上院では既に左派連合が過半を制しているため、オランド大統領はその政策を進める上で議会の支援を得られることになる。

 しかし、仏経済の停滞とギリシャの再選挙で連立政権が誕生できるのかどうか不透明なことを背景に、大統領は、年間1万2000人の公務員採用など支出を伴う提案の一部を棚上げし、支出削減と増税の組み合わせという不人気な政策を取らざるを得なくなる可能性もある。

 オランド政権は、厳しい政策は必要だとしながらも、同国財政赤字の対GDP(国民総生産)比率を今年の4.5%から2013年に3%にまで引き下げる目標を具体的にどう実現するのかは明らかにしていない。

 エロー首相は17日のテレビ放送で、「皆がよく知っているように、状況は非常に厳しい」と語った。

 オランド大統領はまた、欧州の債務危機の解決と経済成長をめぐってはフランスとドイツの間にまだ溝があることから、欧州サイドでの問題にも取り組まなければならないかもしれない。

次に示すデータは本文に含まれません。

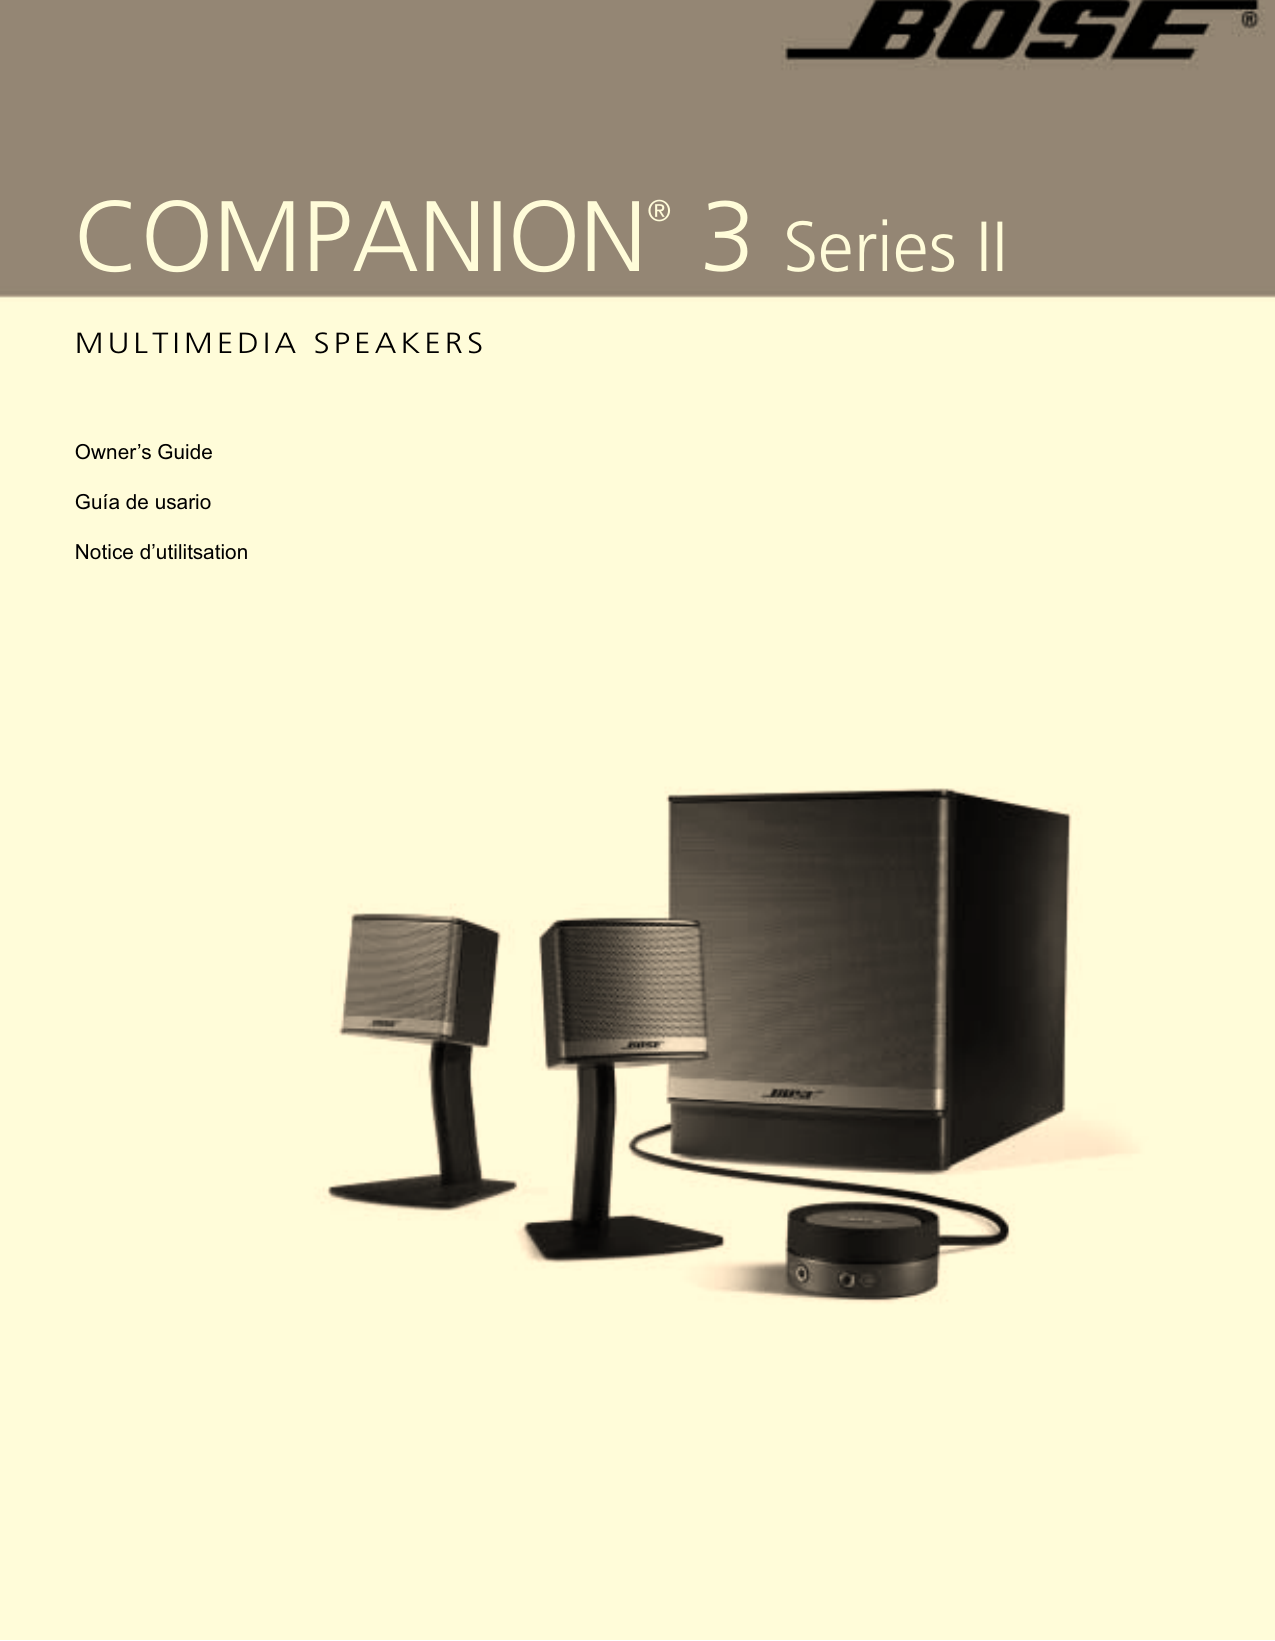 Bose Multimedia Speakers Companion 3 Series Ii Users
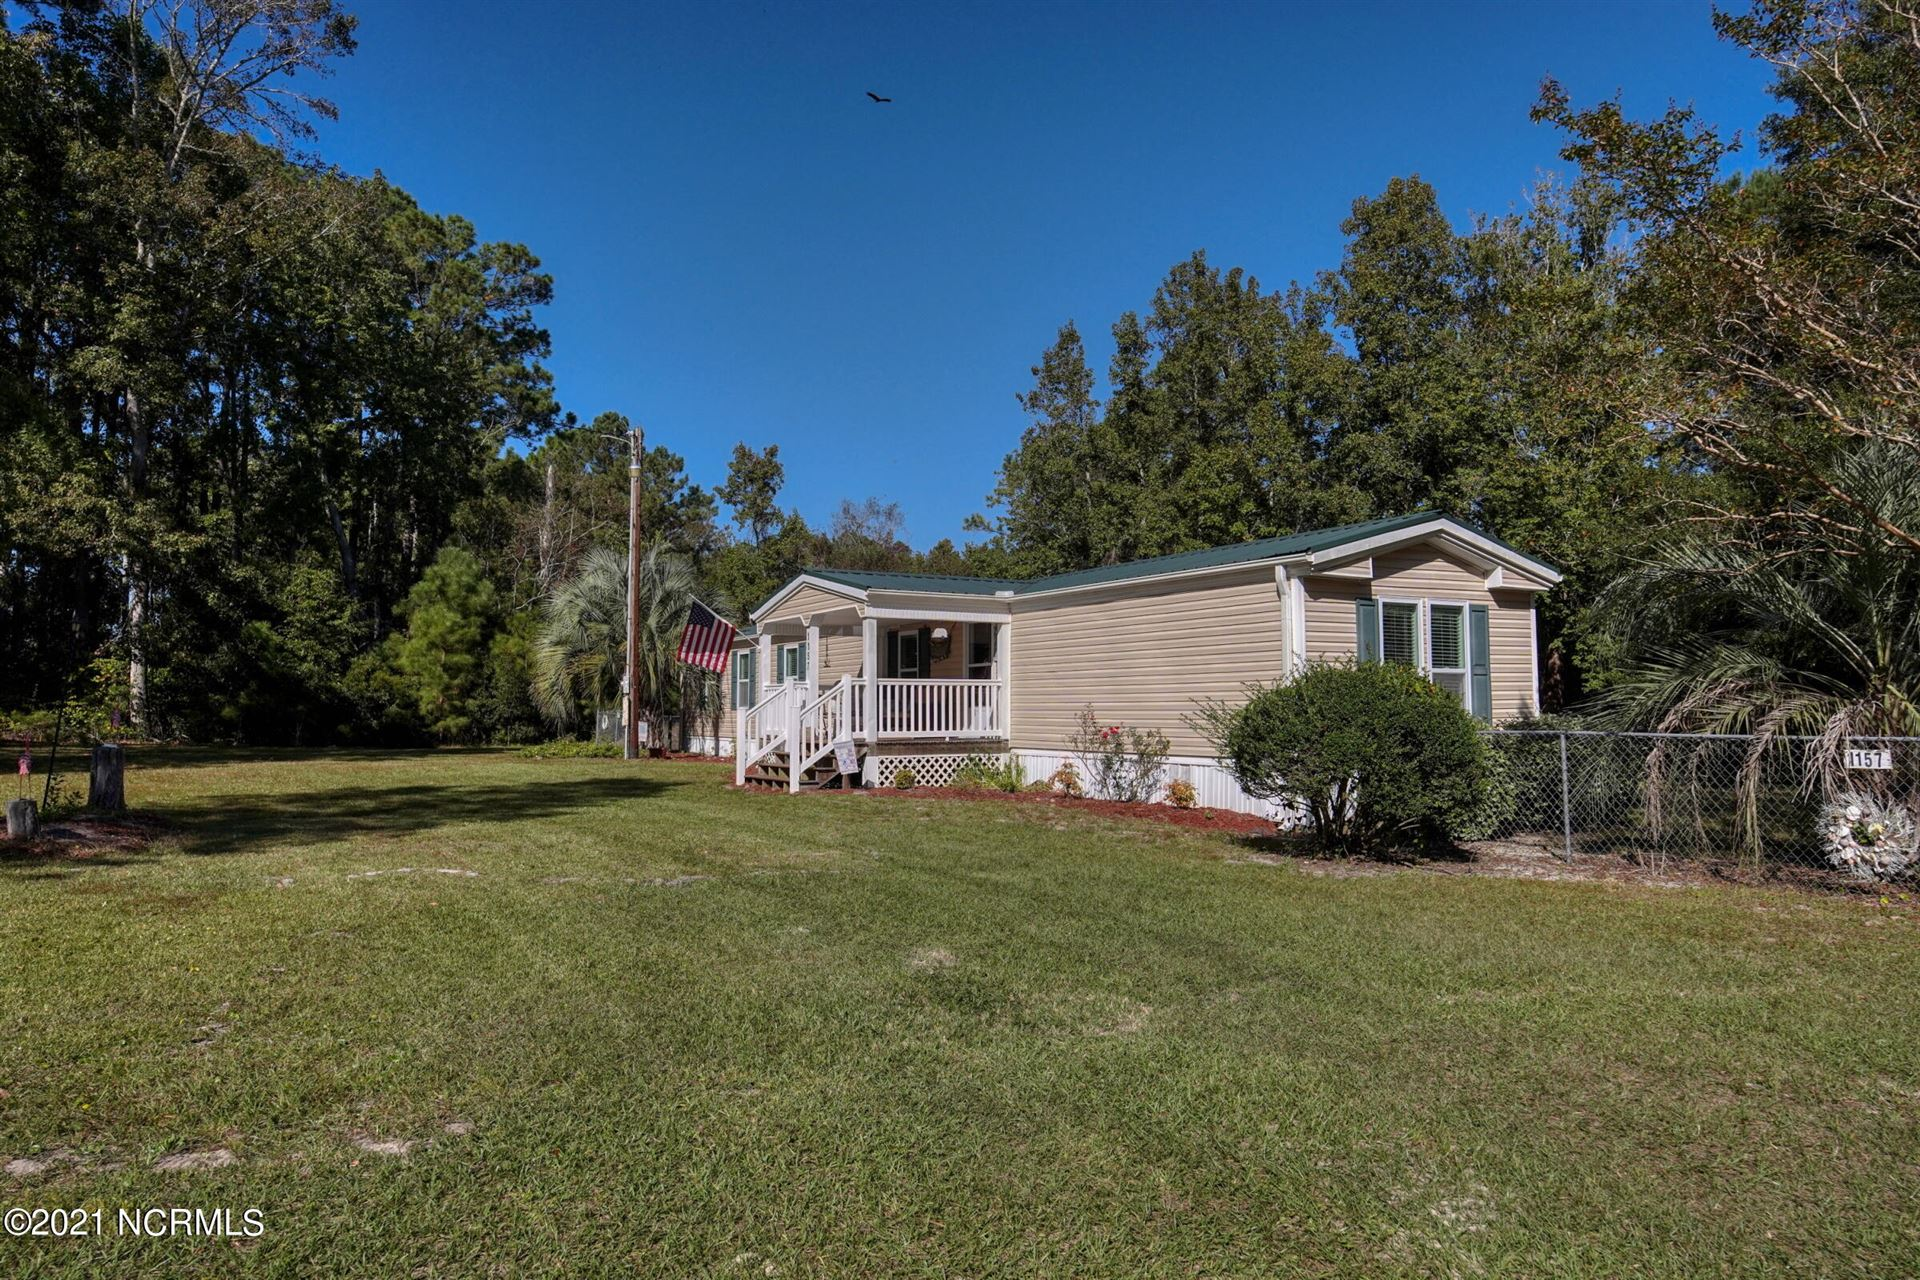 Photo of 1157 Riverview Drive, Calabash, NC 28467 (MLS # 100296600)

オランド氏は5月に大統領に就任して以来、スペインやイタリアが負担可能な費用で借り入れできるようにするために、各国が共同で発行するユーロ債券の導入案を支持している。しかし、ドイツのメルケル首相は、こうした新たな支援策には一段の政治的統合深化が必要だと警告している。

 フランス国民は欧州連合EU)へのこれ以上の主権移譲には消極的なことから、独仏の見解の相違は行き詰まり状態に入り込む恐れがある。

 決選投票の暫定結果によると、フランスの有権者は17日、少なくとも2人の極右・国民戦線(FN)の候補者を議員に選んだ。同党の議員は20年ぶりだ。同党は反欧州を旗印に掲げている。ルペン党首自身は落選したが、党の創設者ジャン=マリー・ルペン氏の孫娘で22歳のマリオン・マレシャル=ルペン氏が当選した。

 全体では社会党とその友党が322議席程度を獲得した模様だ。この結果、オランド大統領は環境保護政党「緑の党・欧州エコロジー」と急進左派の左翼線線からの支援は必要なくなった。サルコジ前政権与党の右派・国民運動連合(UMP)とその友党は218議席にとどまり、オランド政権と闘うには不十分な数だが、事前の予想は上回った。

 仏西部のシャラントマリティム選挙区では、オランド大統領の元パートナーで4人の子どもの母親であるセゴレーヌ・ロワイヤル氏が、社会党から決別して無所属で立候補した女性候補に敗れた。大統領の現在のパートナー、バレリー・トリルベレール氏はツイッターで、ロワイヤル氏の対立候補を応援していた。